Лертон, вот уже несколько лет я просто пишу истории, без оглядки на рынок, пишу, не следуя никаким критериям, храня непоколебимое убеждение, что история, которая мне интересна, и её развязка, которая меня удовлетворяет, будут интересны и удовлетворят достаточный процент читателей, чтобы сделать эту историю коммерчески годной к употреблению. Возможно, в этом я неправ, возможно, я должен изучать рынок и изо всех сил пытаться скроить что-то, что соответствует текущей моде. Но мне кажется, что, если я должен выпускать продукт (действительно) непреходящей ценности, мой собственный вкус (проверенный Вашим и Джинни) – это всё, чему я должен следовать. Конечно, это может привести меня к полной потере рынка, но я надеюсь, что это приведёт к лучшим результатам, чем если бы я пытался «повторять проверенные рецепты».
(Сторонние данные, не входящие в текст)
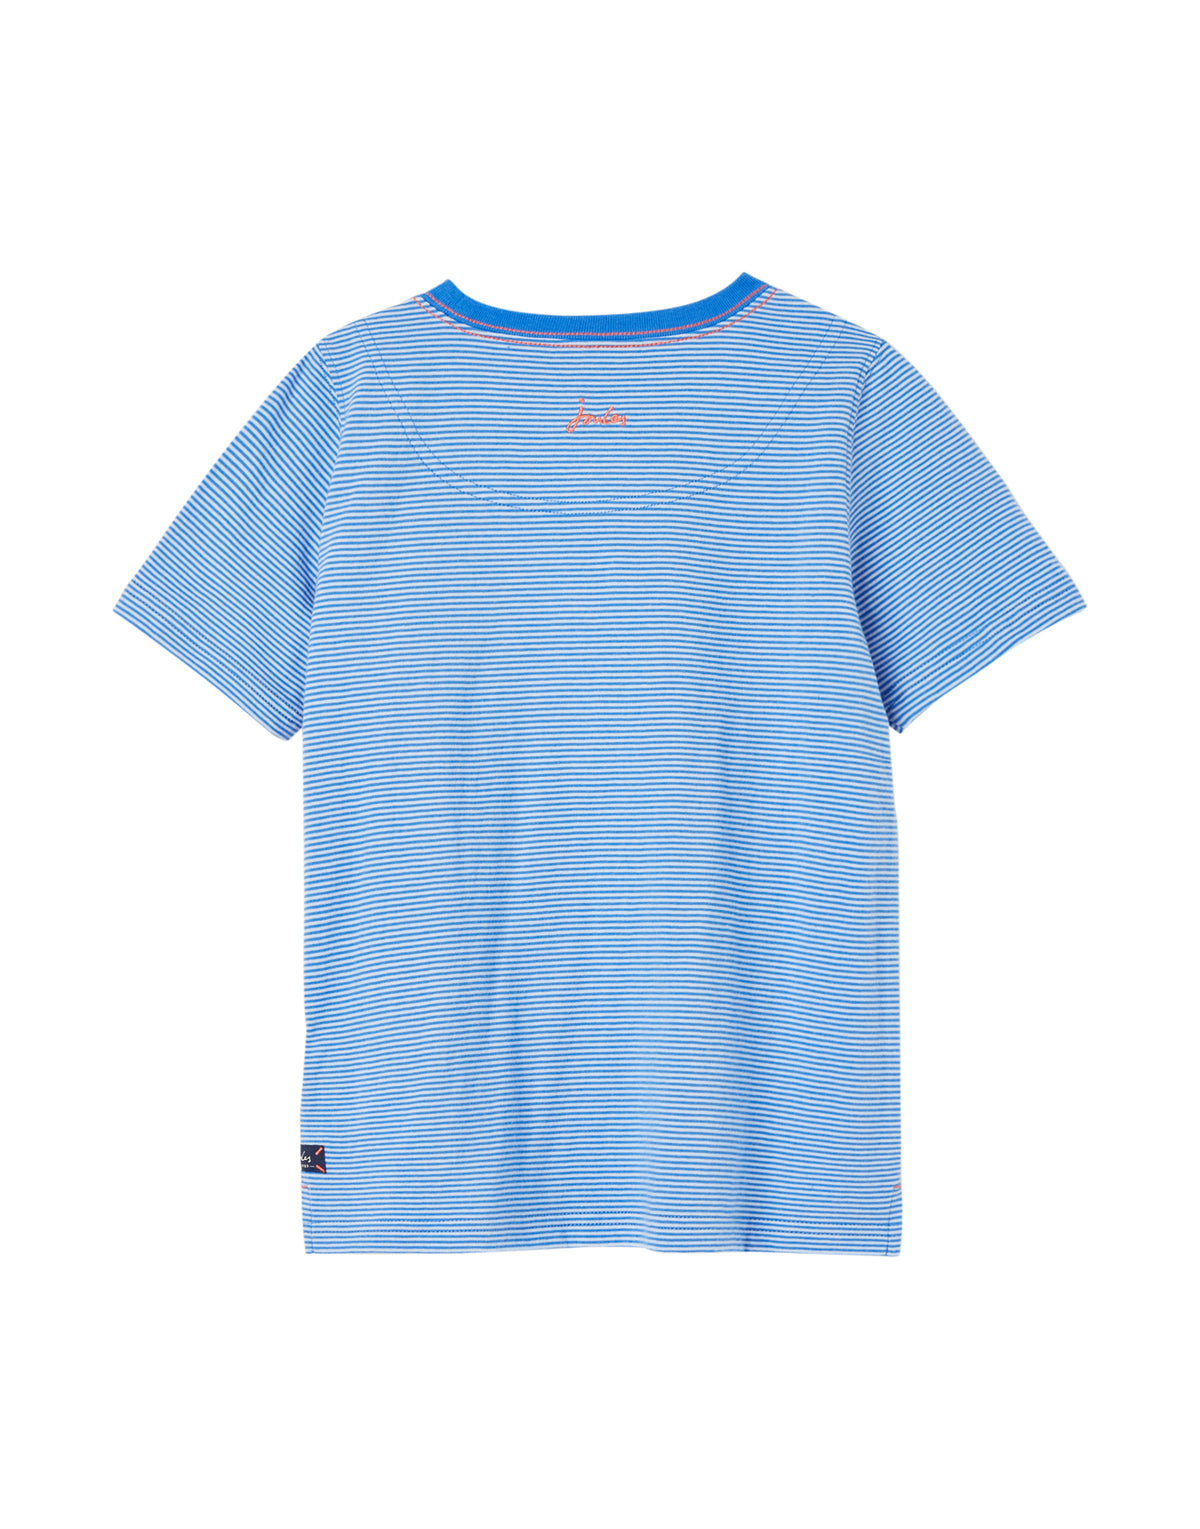 Jungen T-Shirt Island Blue Stripe 217000

Я знаю, что смерть Подди шокирует. Однако эта смерть, как мне кажется, именно то, что мне нужно. Сюжет следует определённой последовательности: вначале беззаботный ребёнок-девочка с нелепыми амбициями… затем, шаг за шагом, она растёт и открывает, что реальный мир более сложен и не столь сладок, как она себе представляла… и что забота о детях – всего лишь основная норма для взрослых.
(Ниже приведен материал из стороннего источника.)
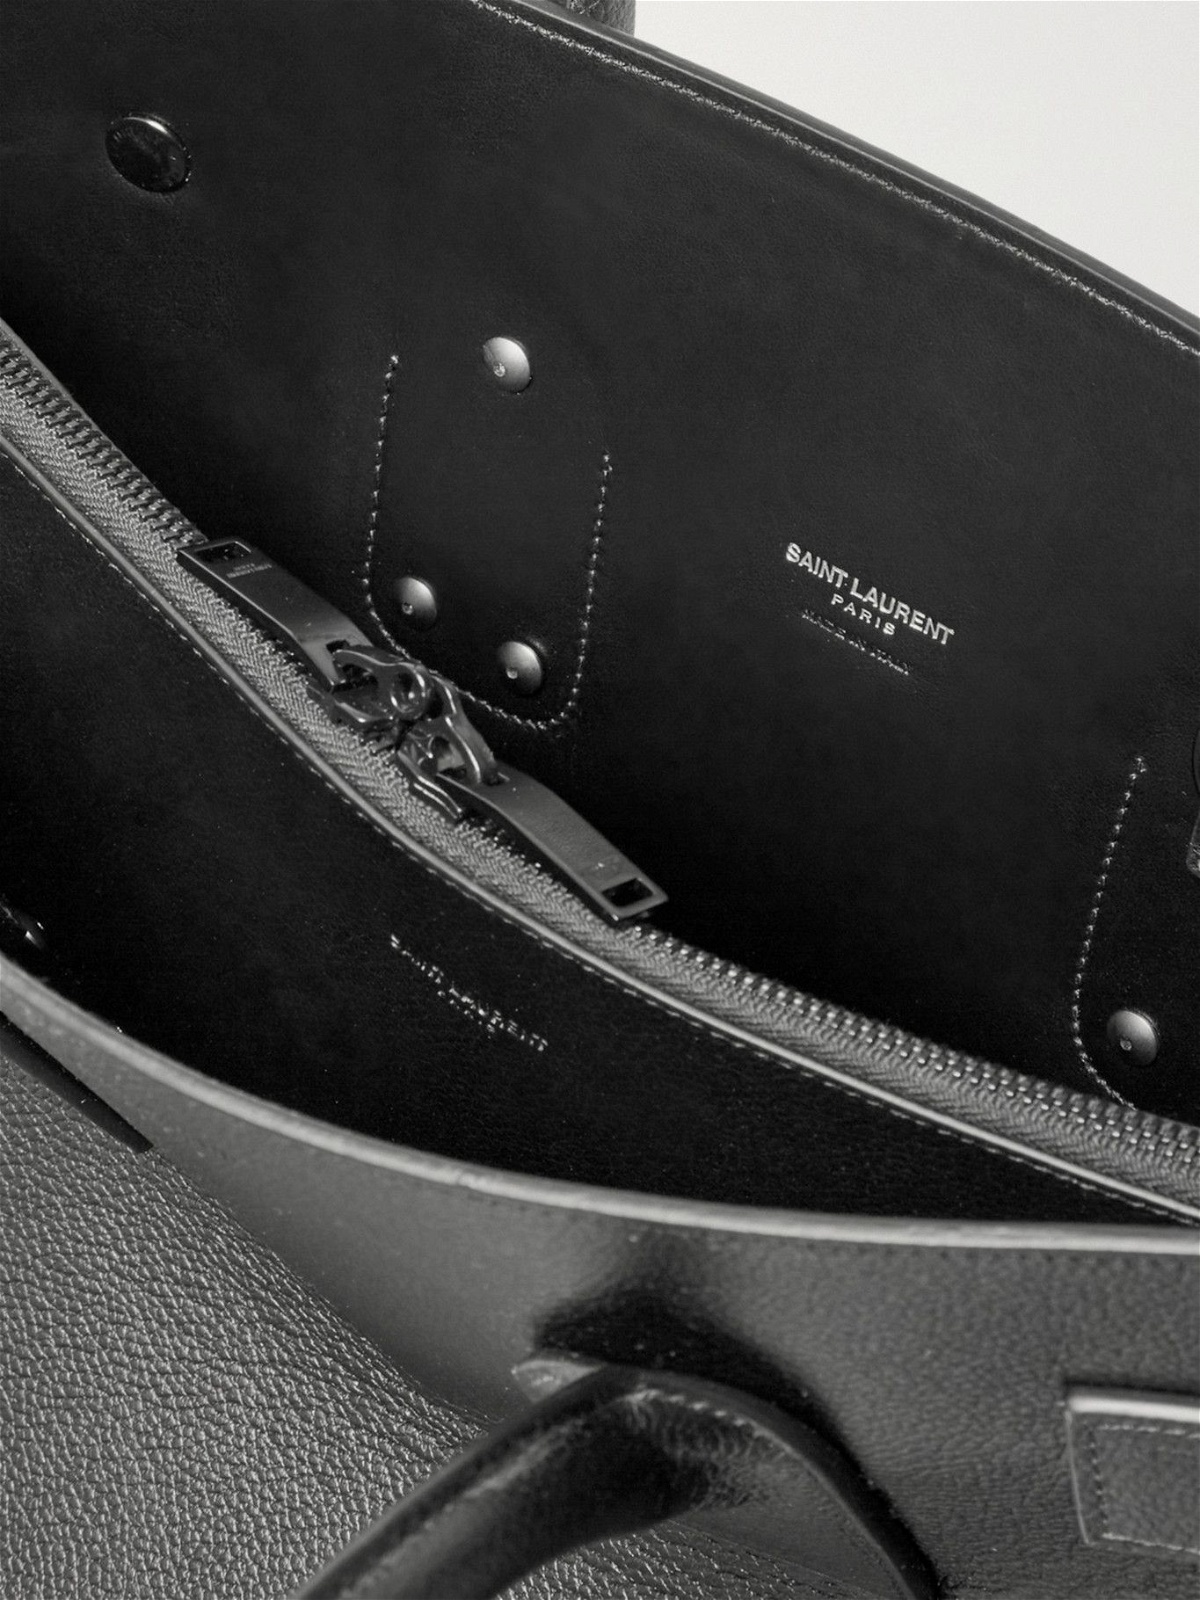 Sac de jour 48h duffle bag in grained leather, Saint Laurent

О, я могу за пару часов приделать к последней главе «счастливую» концовку – Подди останется в живых, раненная, но с обещанием полного выздоровления и, подразумевая, что в конце концов она выйдет замуж за богатого и красивого парня, который возьмёт её с собой к звёздам… ну и попутно задать её дурно воспитанному младшему братцу хорошую взбучку (и это вполне возможно, по крайней мере, я имею в виду это сделать, если ни один редактор не рискнёт издать роман в том виде, в каком он есть). Но я не хочу этого делать. Я думаю, что это разрушило бы историю – это будет всё равно что переделать «Ромео и Джульетту», чтобы юные влюблённые «жили долго и счастливо».
Но смерть Ромео и Джульетты была нужна, чтобы показать семьям Монтекки и Капулетти, какими чёртовыми придурками они были. Смерть Подди (как мне кажется) точно так же обязательна в этой истории. Истинная трагедия этой истории кроется в характере матери, очень успешной работающей женщины, которая не нашла времени, чтобы воспитать своих собственных детей – и тем самым позволила своему сыну вырасти инфантильным монстром. Он больше не часть рода человеческого и безразличен к благополучию других… пока смерть его собственной сестры не падает на него грузом вины, вины, от которой он уже никогда не сможет избавиться, и это дарит некоторую надежду, что теперь он, возможно, повзрослеет.
Я мог бы заявить, что суть истории в том, что смерть является единственным местом назначения для всех нас, и что единственная долгосрочная перспектива для любого взрослого человека – в детях, и что для этого им нужно вырасти, повзрослеть и выбросить детские игрушки. Но я не мог сказать этого вот так прямо – только не в беллетристике! – и мне показалось, что мне нужна смерть Подди, чтобы выразить всё это. Если Подди получит свой кусок пирога и съест его (а в придачу брак и звёздные странствия), если этот маленький монстр, её брат, выйдет из передряги невредимым, чтобы продолжить свою умную, но асоциальную карьеру, если их мать минуют неприятные последствия её пренебрежительного отношения к воспитанию детей, тогда мой рассказ – всего лишь цепочка умеренно авантюрных эпизодов.
Я думаю, что понял и оценил Ваши замечания о Сезанне и его чёрных контурах[74], но это – бесконечная проблема для меня, у которой нет лёгкого решения. Если я проповедую открыто, я получаю жалобы от Джинни, от Вас, от редактора и, в своё время, от читателей… а я слишком склонен проповедовать. В этой книге, «Подди», я ограничен тем, что сказала бы сама Подди – которая, возможно, точно такая же, как я!
Пожалуйста, скажите Питеру Исраэлю из «Putnam», что я займусь правками, которые он хочет видеть, очень скоро, речь идёт о начале недели. У меня есть кое-какая другая работа, которую я должен сначала закончить. Я всё ещё серьёзно сомневаюсь относительно художественной и драматической необходимости хеппи-энда в этой истории – но я буду стараться изо всех сил.
Ни одному редактору не нравились мои названия, а мне – ни одно из предложенных ими. Я предложил Полу
Новым котятам две недели от роду, они толстые и здоровые. Ястреб или сова заполучила уток Джинни.